Task instructions: Print the data below verbatim, minus images.

*** Supplied data ***

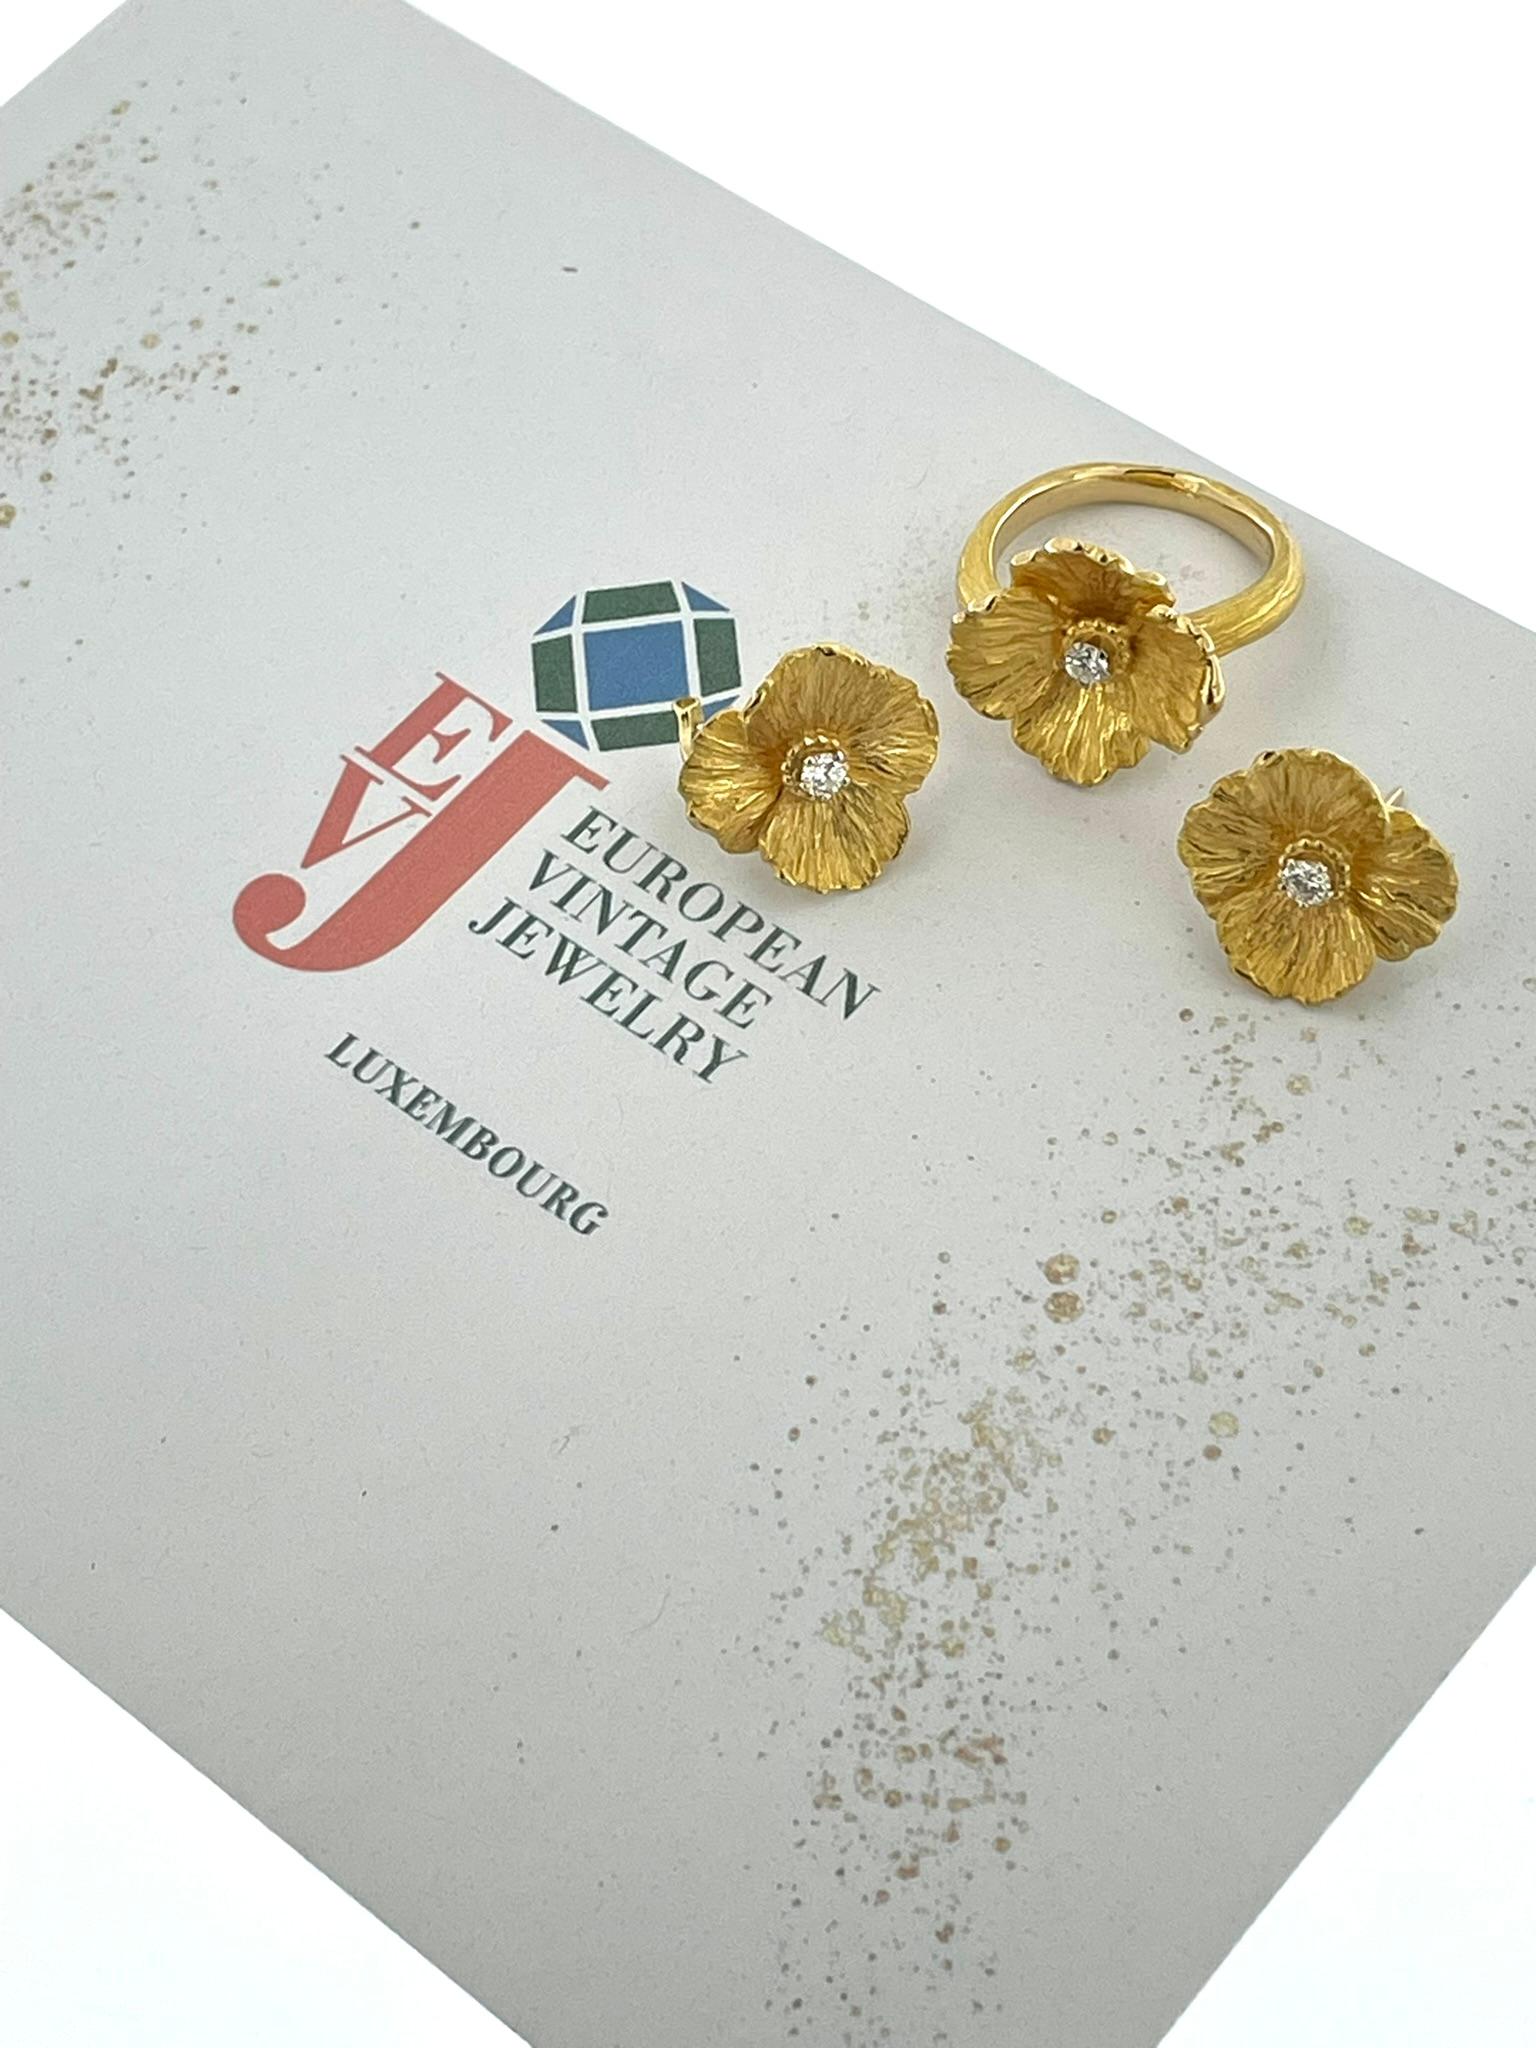 Dieses HRD-zertifizierte Blumenset aus Gelbgold mit Ring und Ohrringen ist ein exquisites Schmuckstück, das Eleganz und Charme ausstrahlt. Sowohl der Ring als auch die Ohrringe sind mit viel Liebe zum Detail gefertigt und zeigen ein atemberaubendes
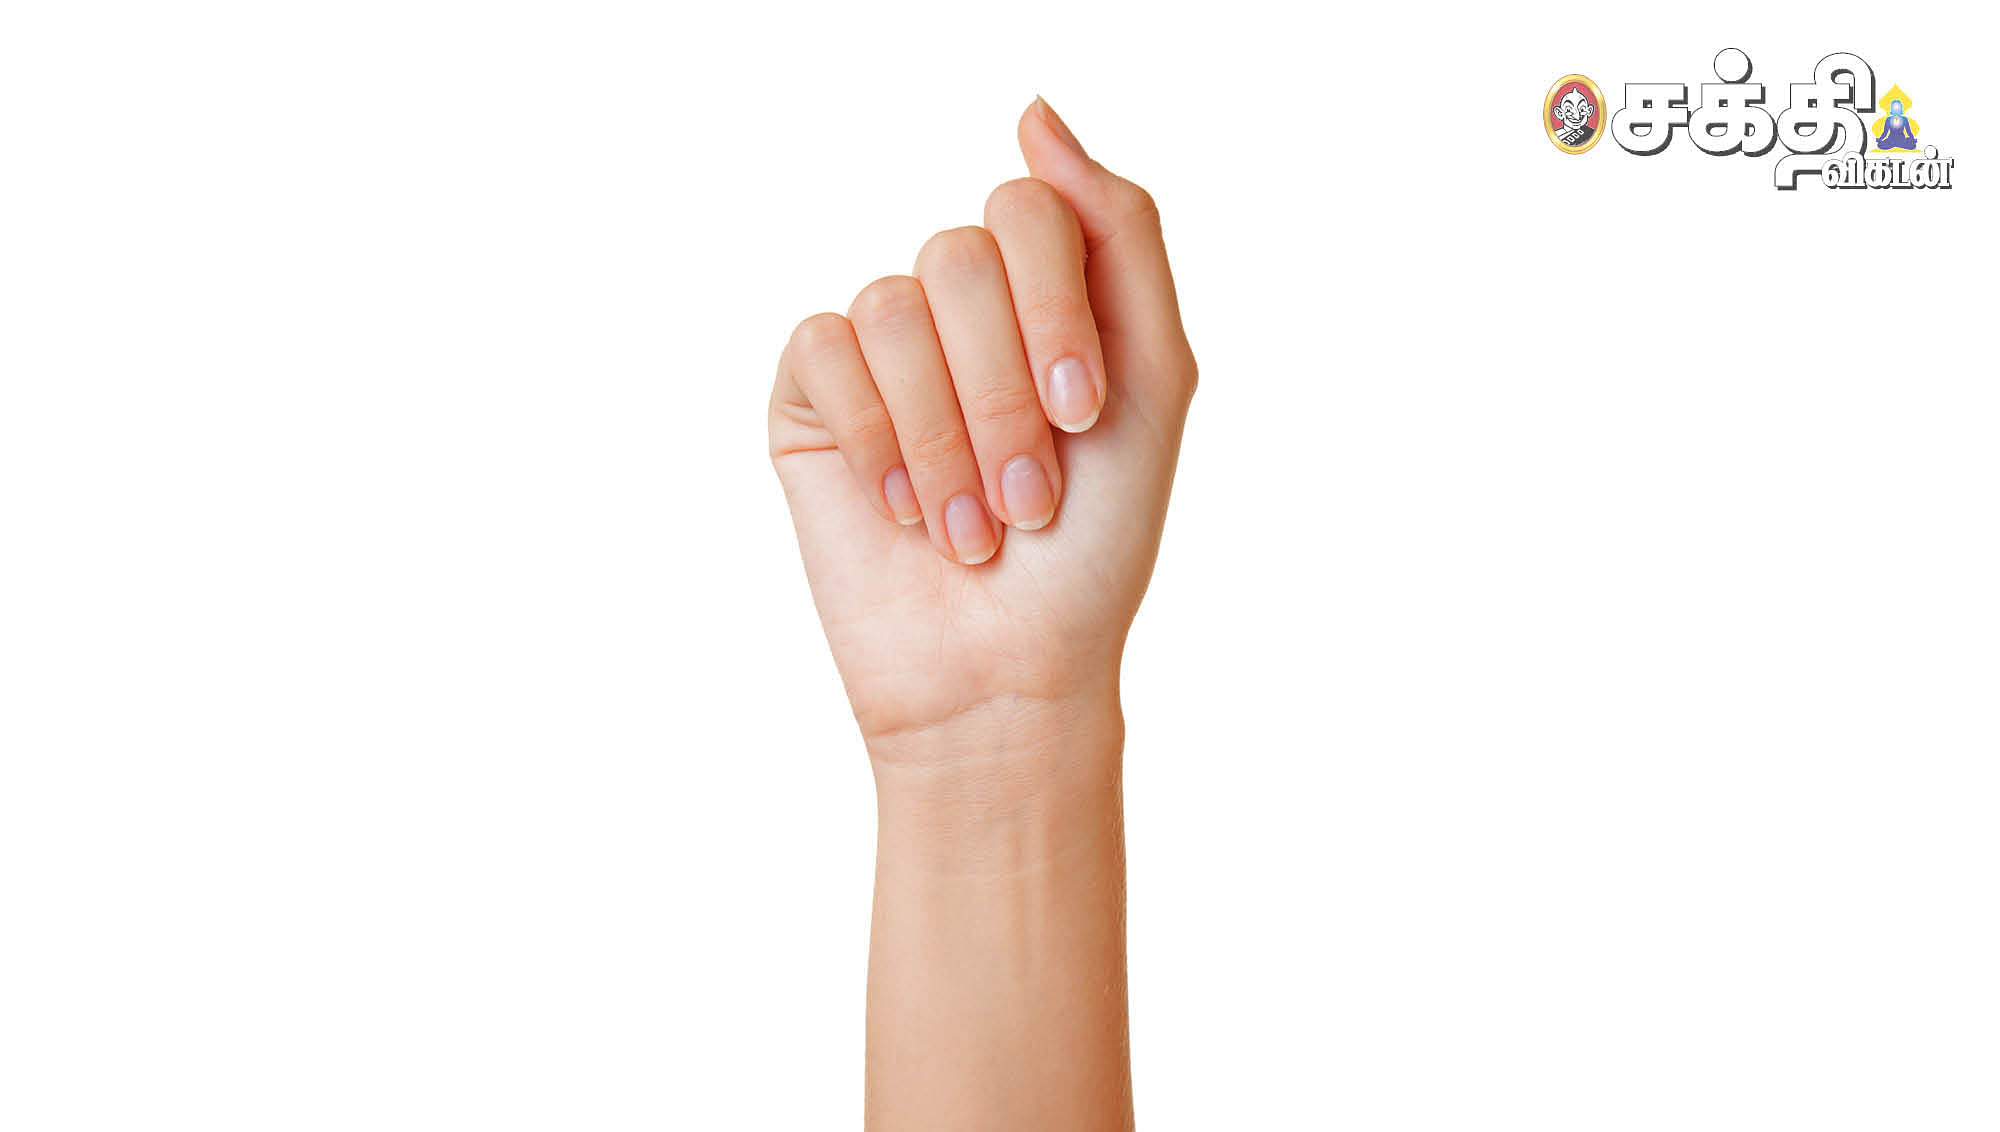 நகங்கள் காட்டும் நோய் அறிகுறிகள்! Dr.M.S.UshaNandhini | PuthuyugamTV #Nails  #Diseases #நகம் #நகங்கள் #Prevention #WomenCare #PuthuyugamTV  #periodtalk... | By PuthuyugamtvFacebook
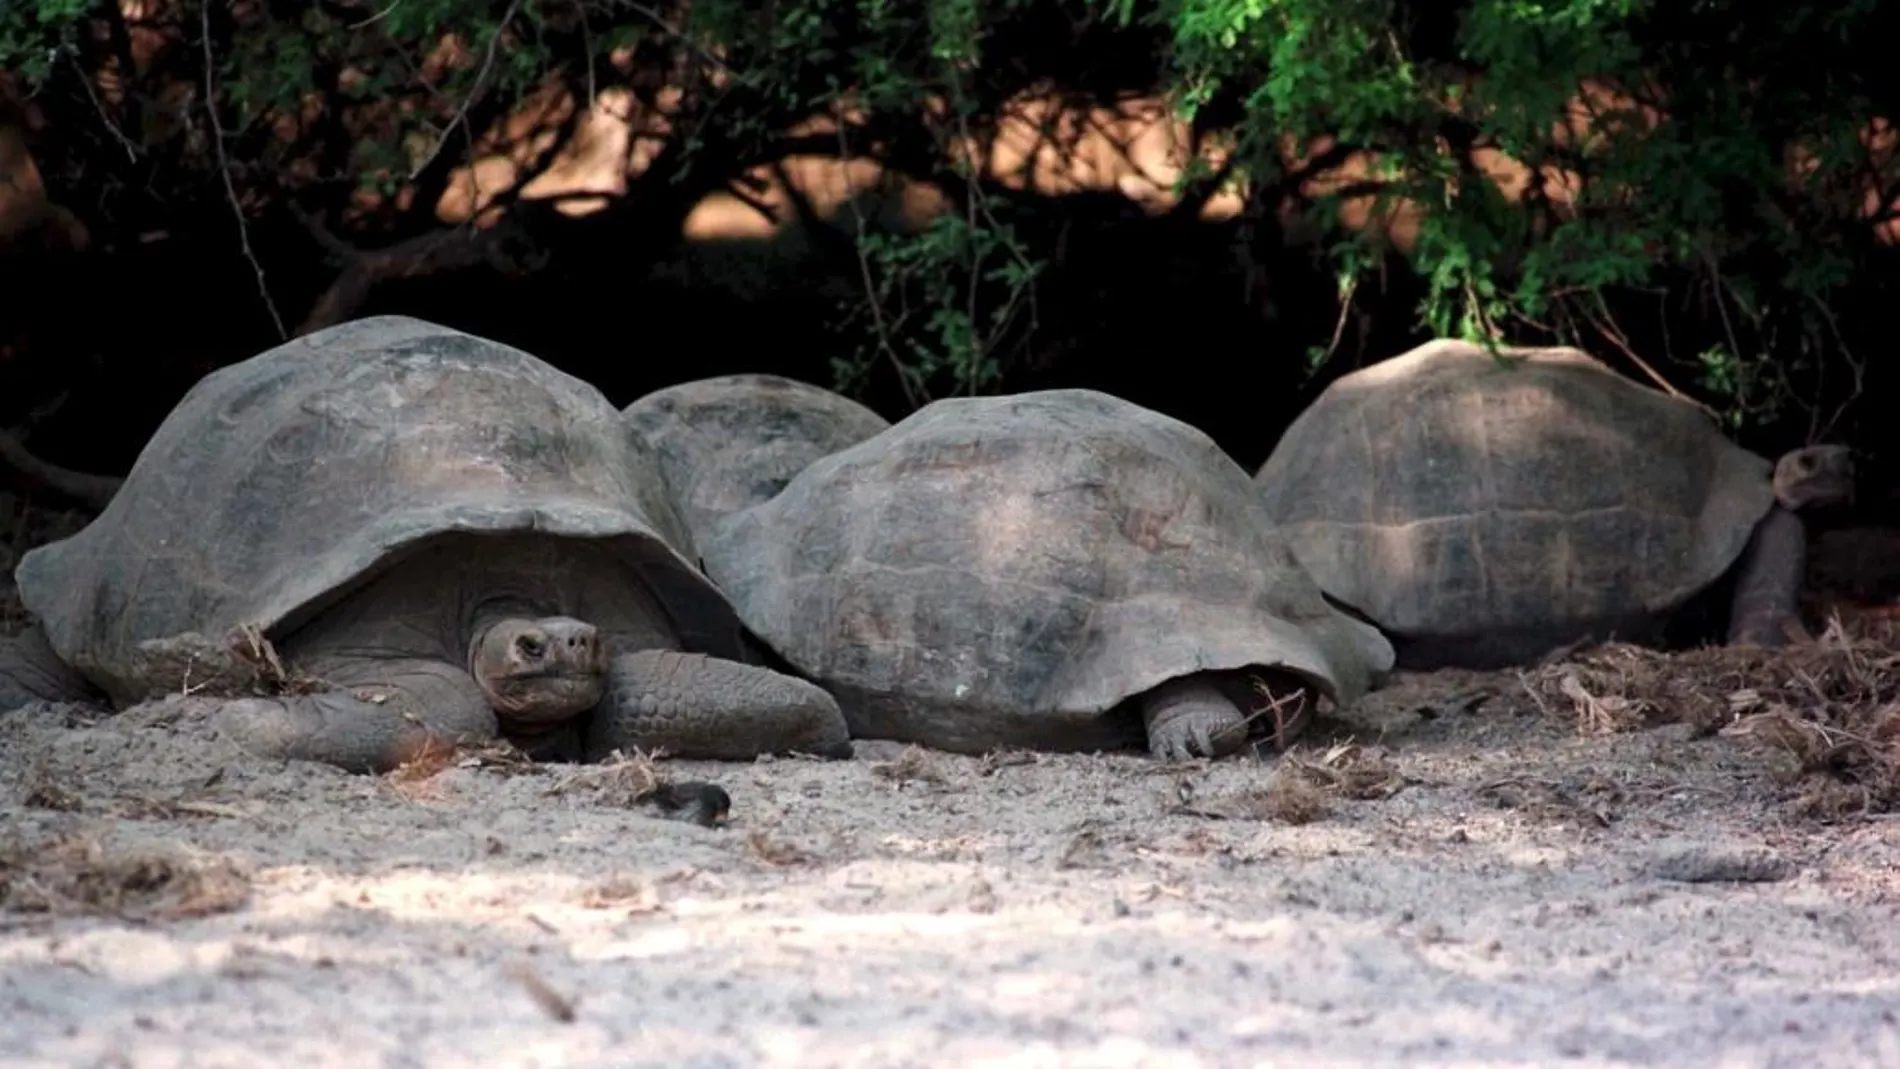 Tortugas en una de las islas del arhipiélago de las Galápagos

*** End of Supplied data ***

Task output:
 Dieses HRD-zertifizierte Blumenset aus Gelbgold mit Ring und Ohrringen ist ein exquisites Schmuckstück, das Eleganz und Charme ausstrahlt. Sowohl der Ring als auch die Ohrringe sind mit viel Liebe zum Detail gefertigt und zeigen ein atemberaubendes
 நகங்கள் காட்டும் நோய் அறிகுறிகள்! Dr.M.S.UshaNandhini | PuthuyugamTV #Nails  #Diseases #நகம் #நகங்கள் #Prevention #WomenCare #PuthuyugamTV  #periodtalk... | By PuthuyugamtvFacebook
 Tortugas en una de las islas del arhipiélago de las Galápagos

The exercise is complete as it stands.